→ **INSTRUCTIONS FOR THE TASK**
Pictures do not belong in your copy. Repeat all the other data exactly.

→ **COLLECTED DATA**
►

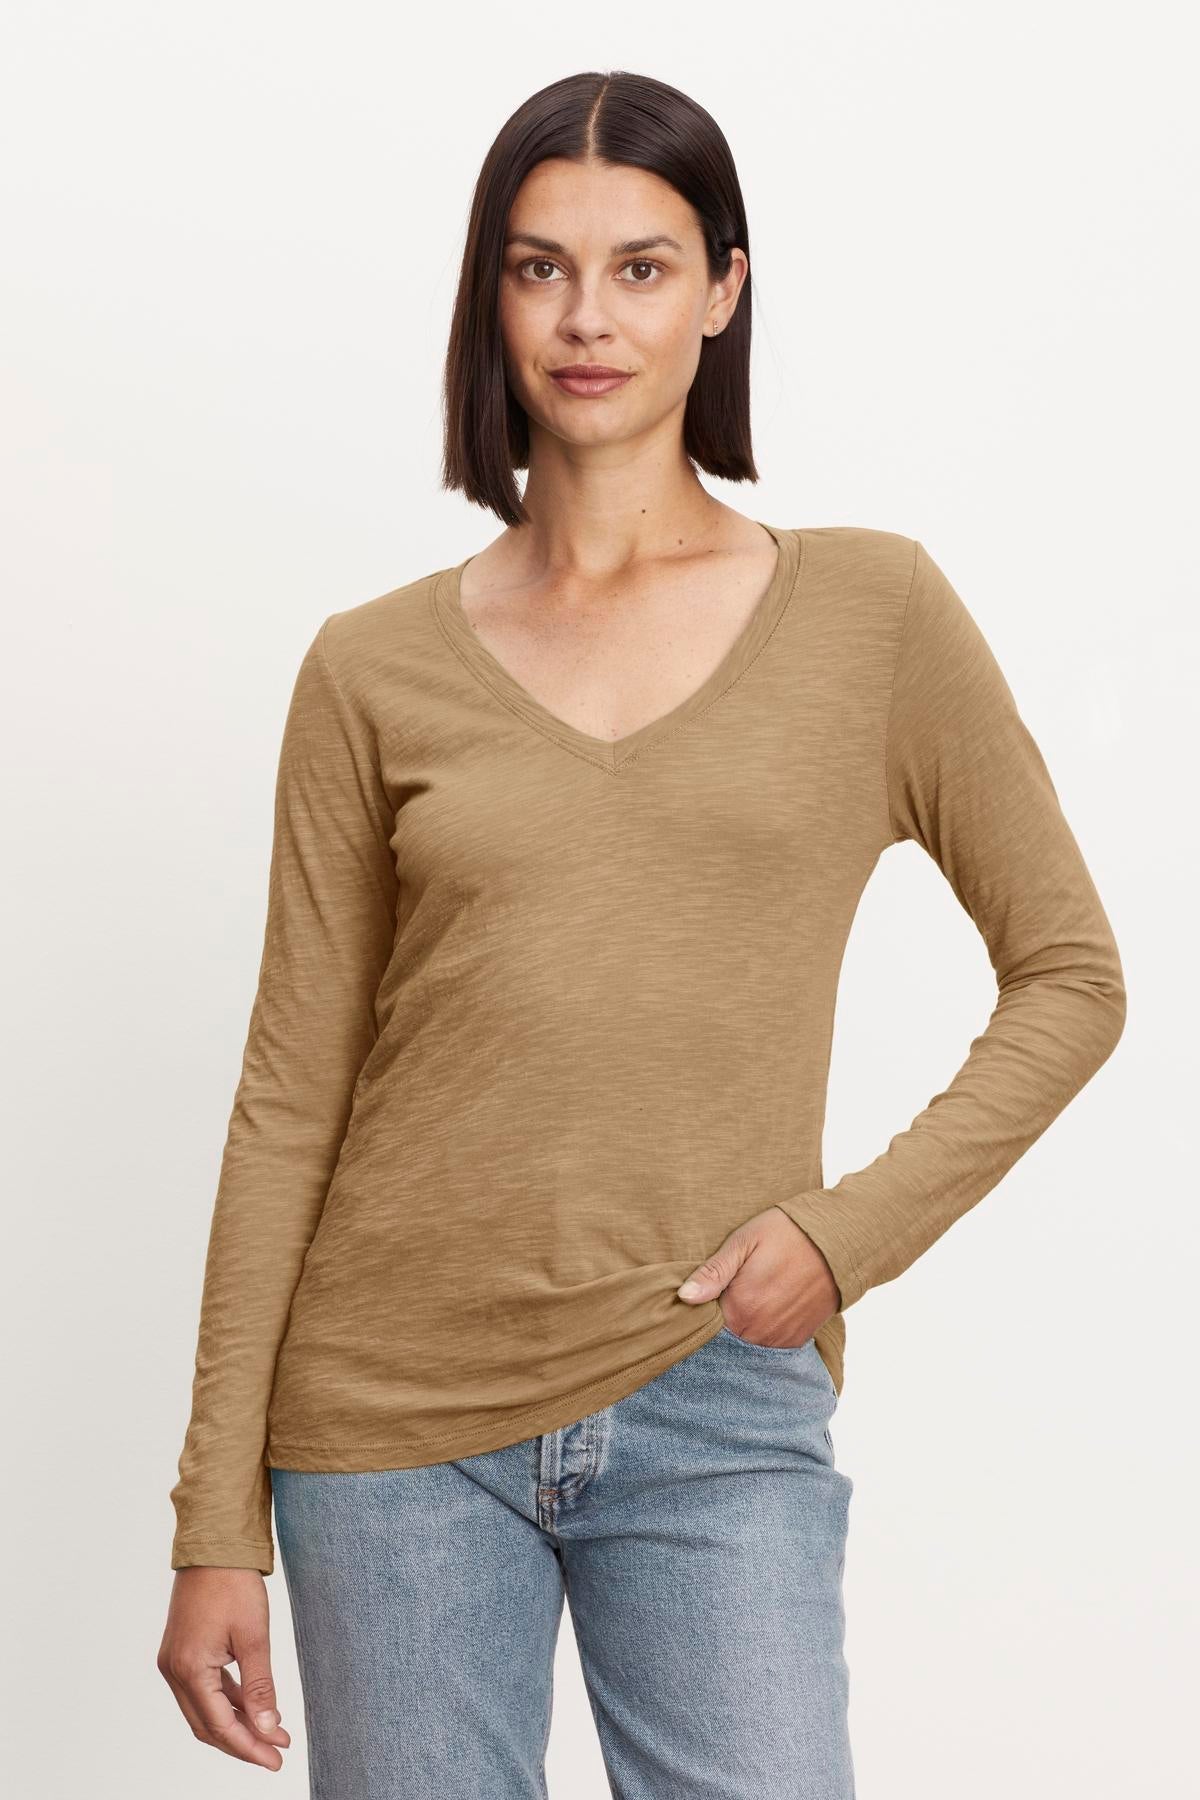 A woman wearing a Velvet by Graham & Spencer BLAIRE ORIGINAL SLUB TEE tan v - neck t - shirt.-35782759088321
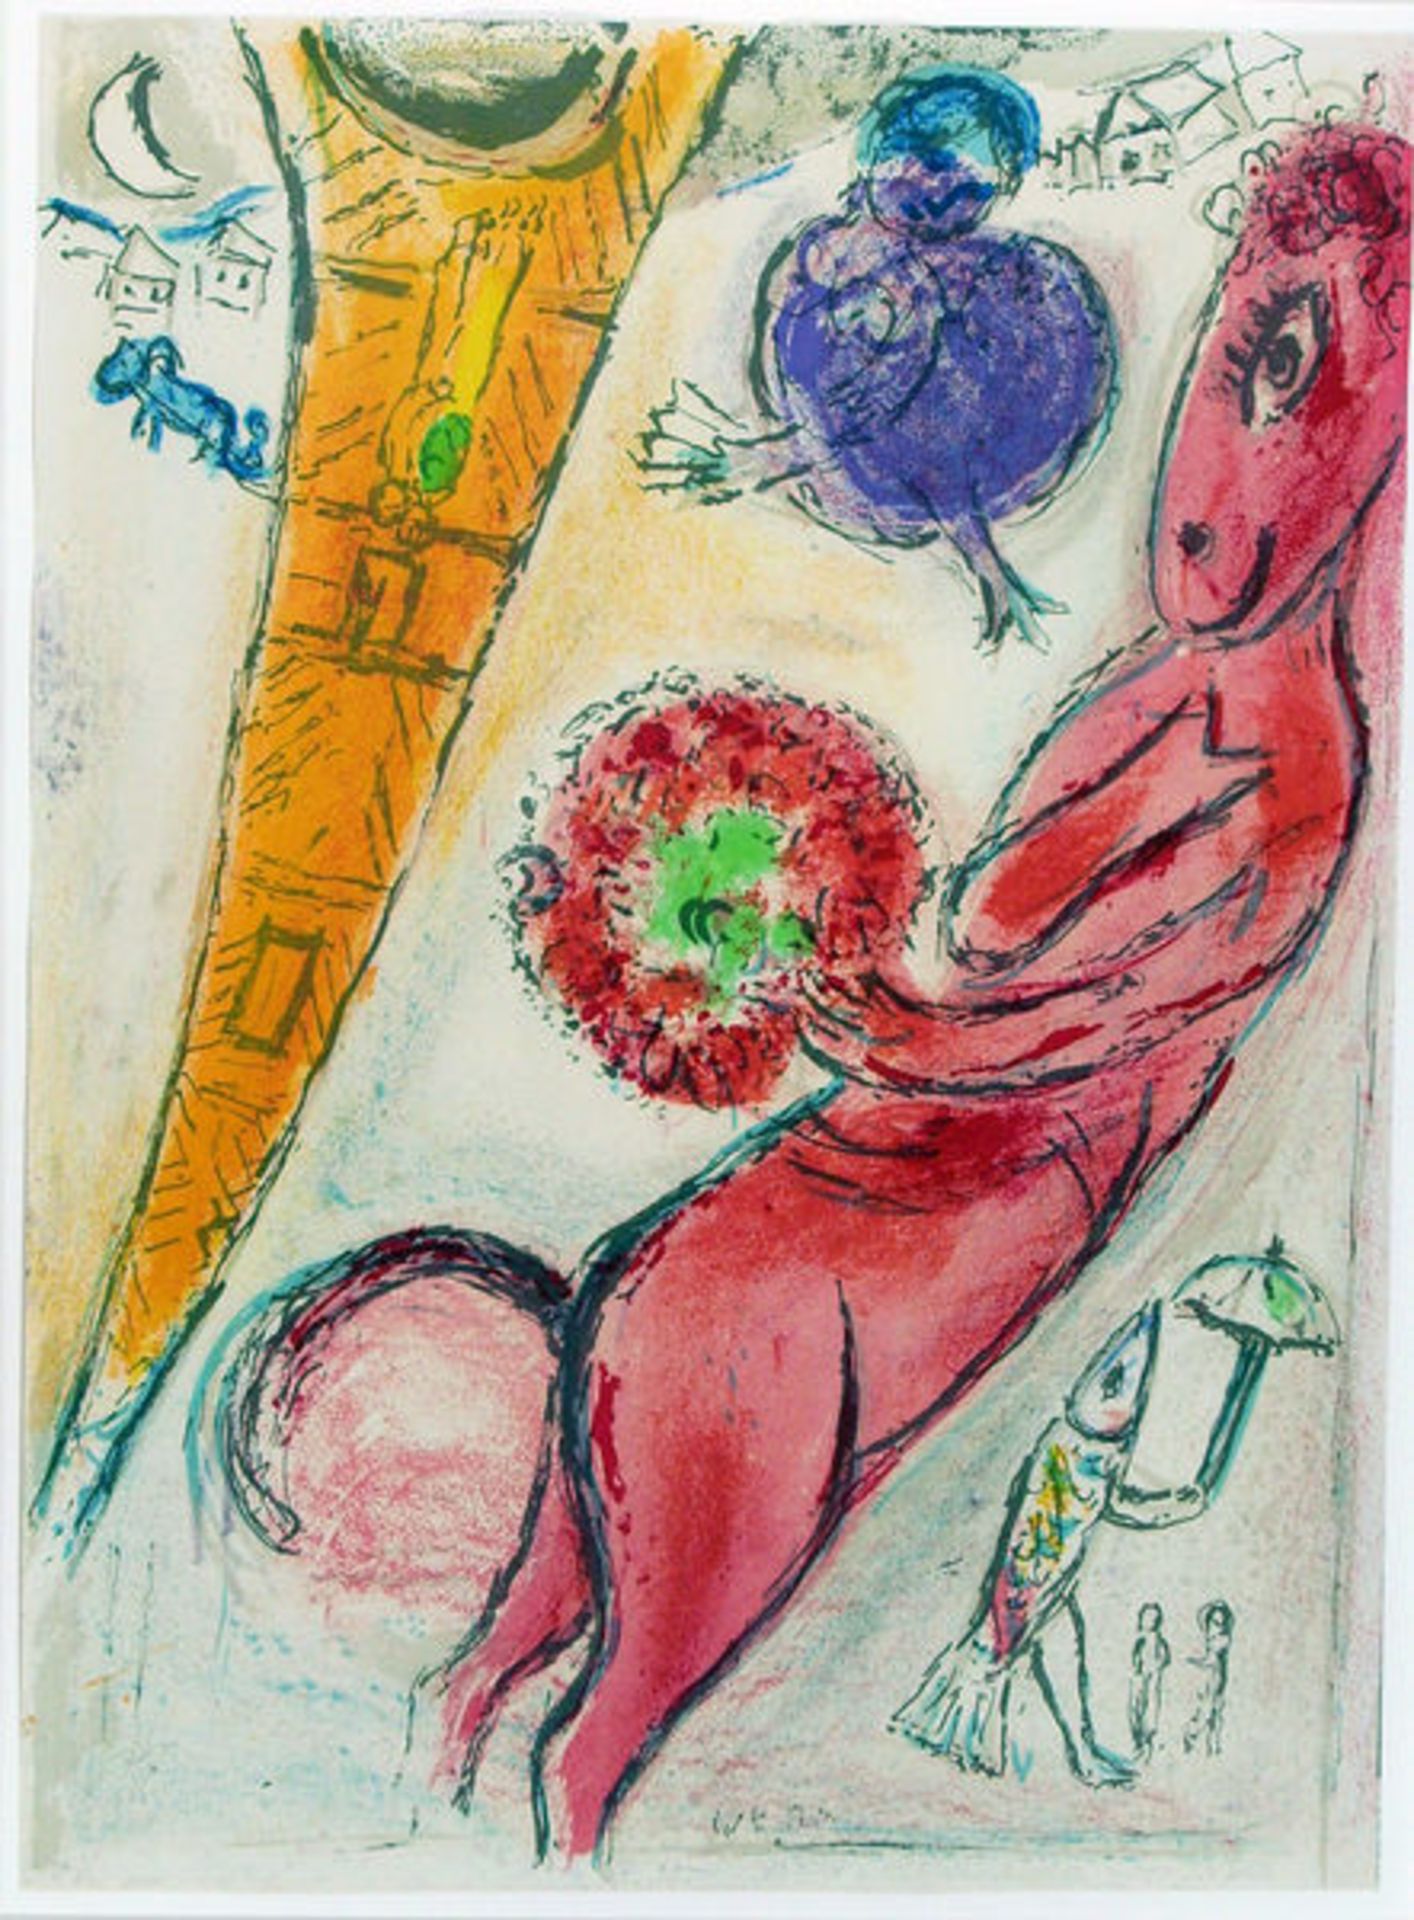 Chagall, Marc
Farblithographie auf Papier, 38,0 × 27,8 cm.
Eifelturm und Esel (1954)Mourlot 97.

◄

→ **FINISHED TASK**
 A woman wearing a Velvet by Graham & Spencer BLAIRE ORIGINAL SLUB TEE tan v - neck t - shirt.-35782759088321
 Chagall, Marc
Farblithographie auf Papier, 38,0 × 27,8 cm.
Eifelturm und Esel (1954)Mourlot 97.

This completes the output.